## Extracted information

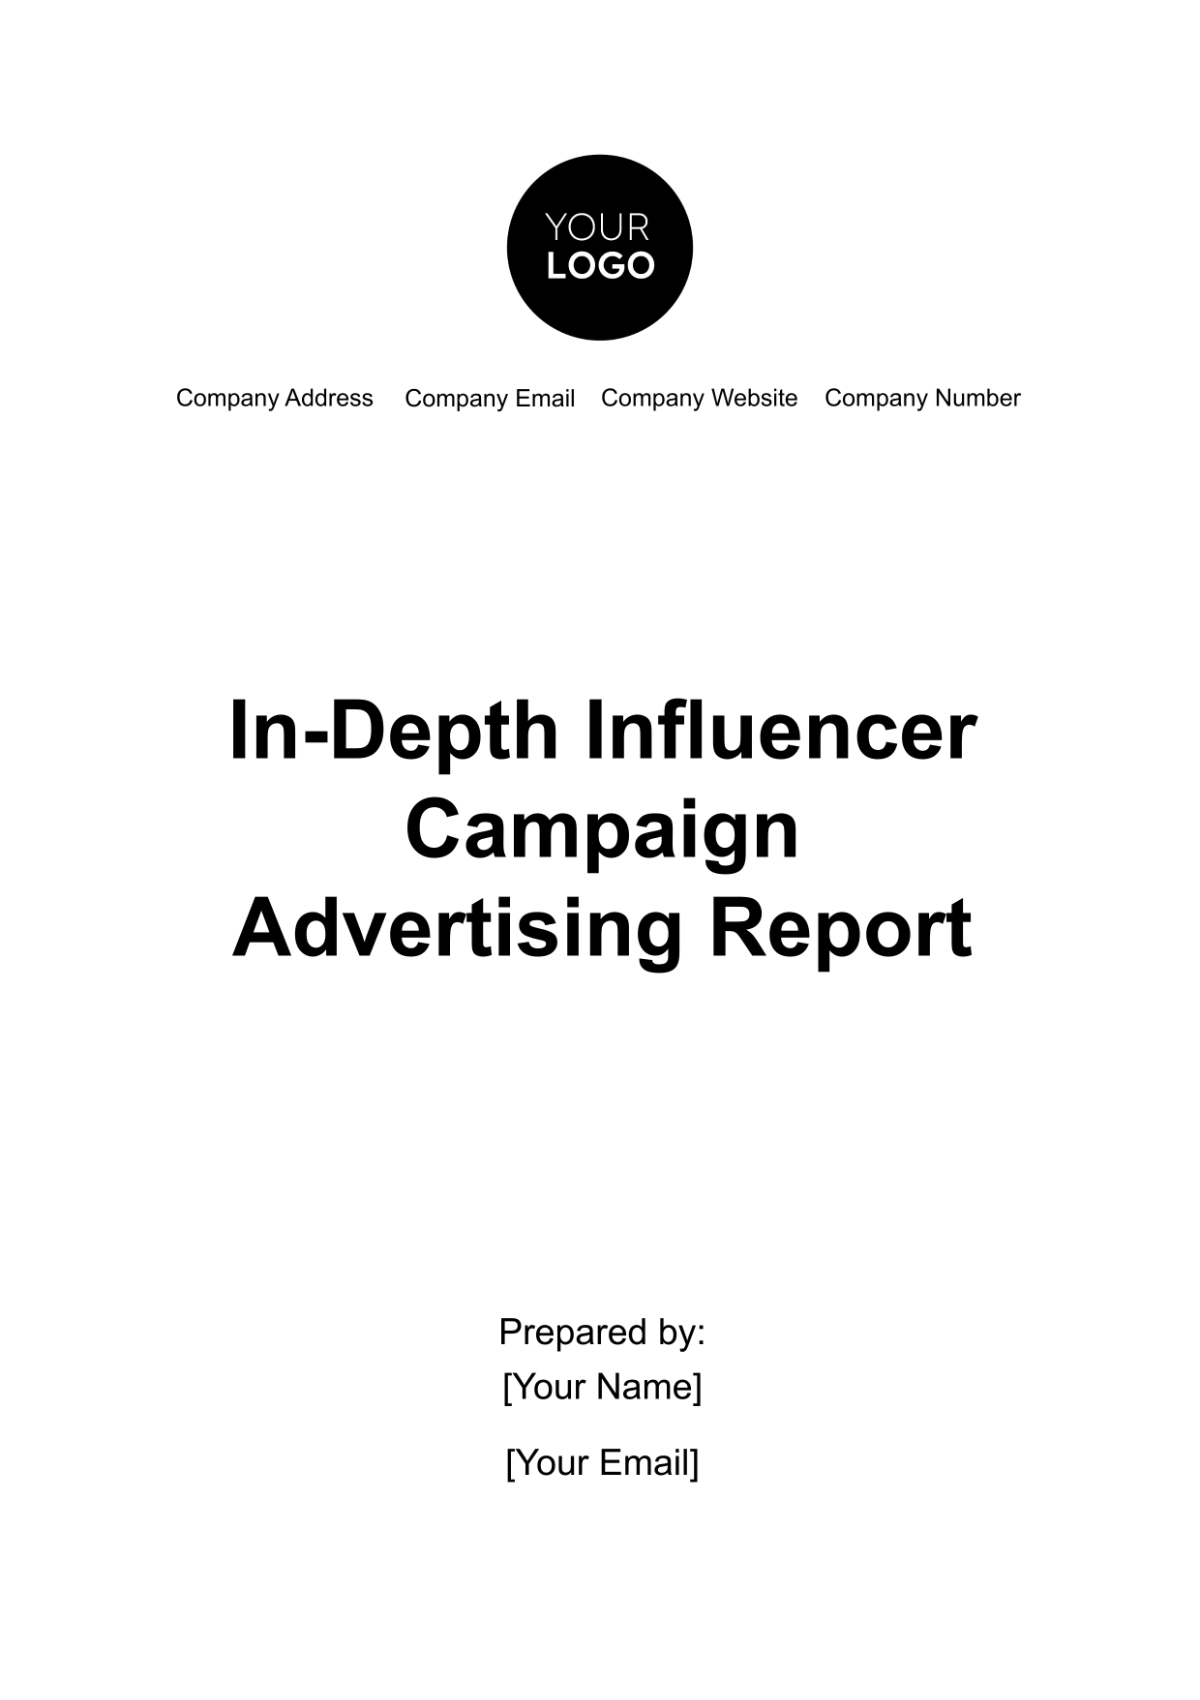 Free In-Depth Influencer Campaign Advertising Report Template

* * *

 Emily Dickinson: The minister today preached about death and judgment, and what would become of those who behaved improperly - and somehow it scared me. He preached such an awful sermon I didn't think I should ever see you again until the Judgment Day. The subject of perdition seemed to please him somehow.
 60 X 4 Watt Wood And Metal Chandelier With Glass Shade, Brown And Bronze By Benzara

## Action item
Once you find the line with "Emily Dickinson: The" above, print it and every line after it up to and including the line with "60 X 4 Watt", exactly as written and nothing else.

## Completed exercise
 Emily Dickinson: The minister today preached about death and judgment, and what would become of those who behaved improperly - and somehow it scared me. He preached such an awful sermon I didn't think I should ever see you again until the Judgment Day. The subject of perdition seemed to please him somehow.
 60 X 4 Watt Wood And Metal Chandelier With Glass Shade, Brown And Bronze By Benzara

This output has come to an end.